- Born: March 31, 1941 Japan, Takahashi, Okayama Prefecture
- Died: August 6, 2018 (aged 77)
- Education: Takahashi High School→ University of Tokyo
- Alma mater: University of Tokyo
- Known for: Director at Suntory president of the Japan Volleyball Association

= Masao Tachiki =

Japanese business executive

Masao Tachiki (Japanese: 立木 正夫, Hepburn: Tachiki Masao, March 31, 1941 – August 6, 2018) was a Japanese business executive. After serving as a director at Suntory, he became the 7th president of the Japan Volleyball Association. He also served as a municipal advisor in his hometown. He was a native of Takahashi, Okayama Prefecture.

== Biography ==
Masao Tachiki was born in Takahashi, Okayama in 1941. After graduating from Okayama Prefectural Takahashi High School, he entered the University of Tokyo, where he was a member of the university’s volleyball team.He graduated from the Faculty of Law in 1964 and joined Suntory the same year.

At Suntory, he was appointed to the board of directors in 1987 and took charge of advertising. In 1990, he contributed an article titled “Expectations for Mass Advertising” to the Japan Marketing Journal.

He was later promoted to managing director in 1991, and then to senior managing director in April 2003. From June 2003 to April 2011, he served as the president of the Japan Volleyball Association, and subsequently as a councilor from 2011 to 2015. He also held other prominent positions, including Chairman of the Alcohol Problems Committee of the Japan Spirits & Liqueurs Makers Association, and a member of the Central Council on Liquor under Japan’s National Tax Agency.

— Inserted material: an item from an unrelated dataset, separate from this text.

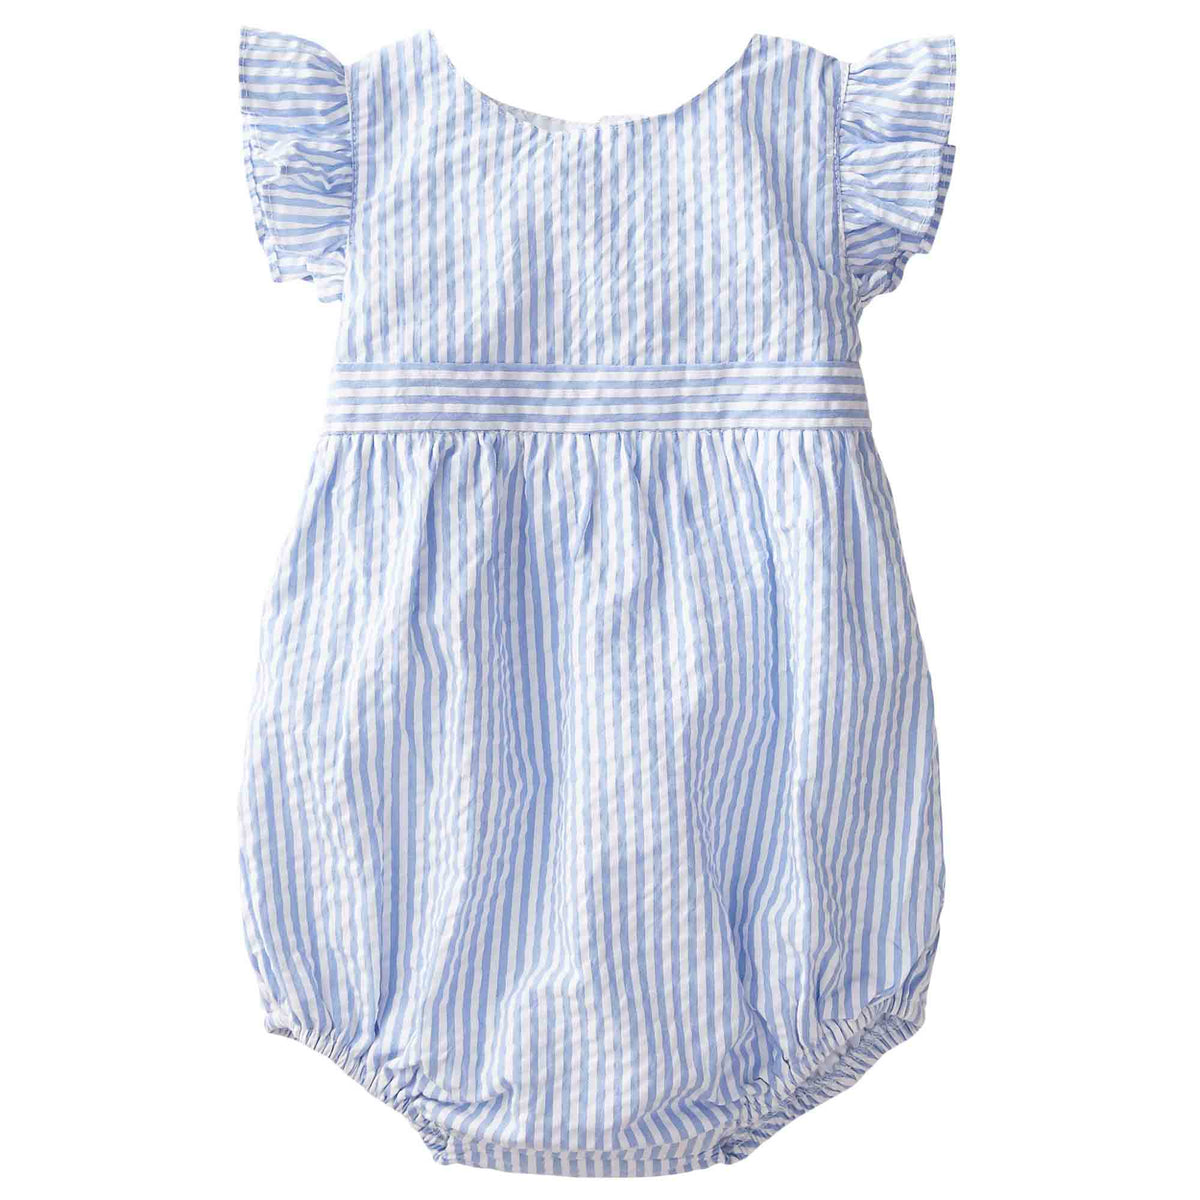 Classic and Preppy Beatrice Bubble, Vista Blue Seersucker-Baby Rompers-Vista Blue Seersucker-0-3M-CPC - Classic Prep Childrenswear

Tachiki died of heart failure at a hospital in Tokyo at 10:45 p.m. on August 6, 2018, at the age of 77.

== Episode ==
Kenji Shimaoka, a former volleyball player, expressed his condolences, saying: “As president of the Japan Volleyball Association, Mr. Tachiki dedicated himself to the management of the organization and the promotion and development of volleyball. He demonstrated foresight and leadership in spearheading organizational reform, especially during the transition of the association to a Public Interest Incorporated Foundation in February 2011. We are deeply grateful for his numerous contributions to the volleyball community.”

== Career ==

- March 1941 – Born in Takahashi, Okayama Prefecture, Japan.
- March 1959 – Graduated from Okayama Prefectural Takahashi High School.
- March 1964 – Graduated from the Faculty of Law, University of Tokyo.
- April 1964 – Joined Suntory Ltd.
- July 1982 – Appointed General Manager of the Marketing Department.
- July 1985 – Appointed Director of the Sales Planning Office.
- March 1987 – Appointed General Manager of the Information Systems Department.
- June 1987 – Appointed to the Board of Directors at Suntory at age 46.
- January 1991 – Appointed General Manager of the Beer Business Division.
- March 1991 – Promoted to Managing Director.
- September 2002 – Appointed Managing Director in charge of the Corporate Communications Division, Advertising Division, Secretariat, and Deliberation Office.
- April 2003 – Promoted to Senior Managing Director, also overseeing the Corporate Communications Division, Secretariat, and Deliberation Office.
- June 2003 – Appointed as the 7th President of the Japan Volleyball Association.
- February 2011 – Oversaw the transition of the Japan Volleyball Association into a Public Interest Incorporated Foundation.[1]
- April 2011 – Stepped down as President of the Japan Volleyball Association.
- April 2011 – Appointed as a Councilor of the Japan Volleyball Association.
- June 2015 – Retired from the role of Councilor at the Japan Volleyball Association.
- August 2018 – Passed away from heart failure at a hospital in Tokyo.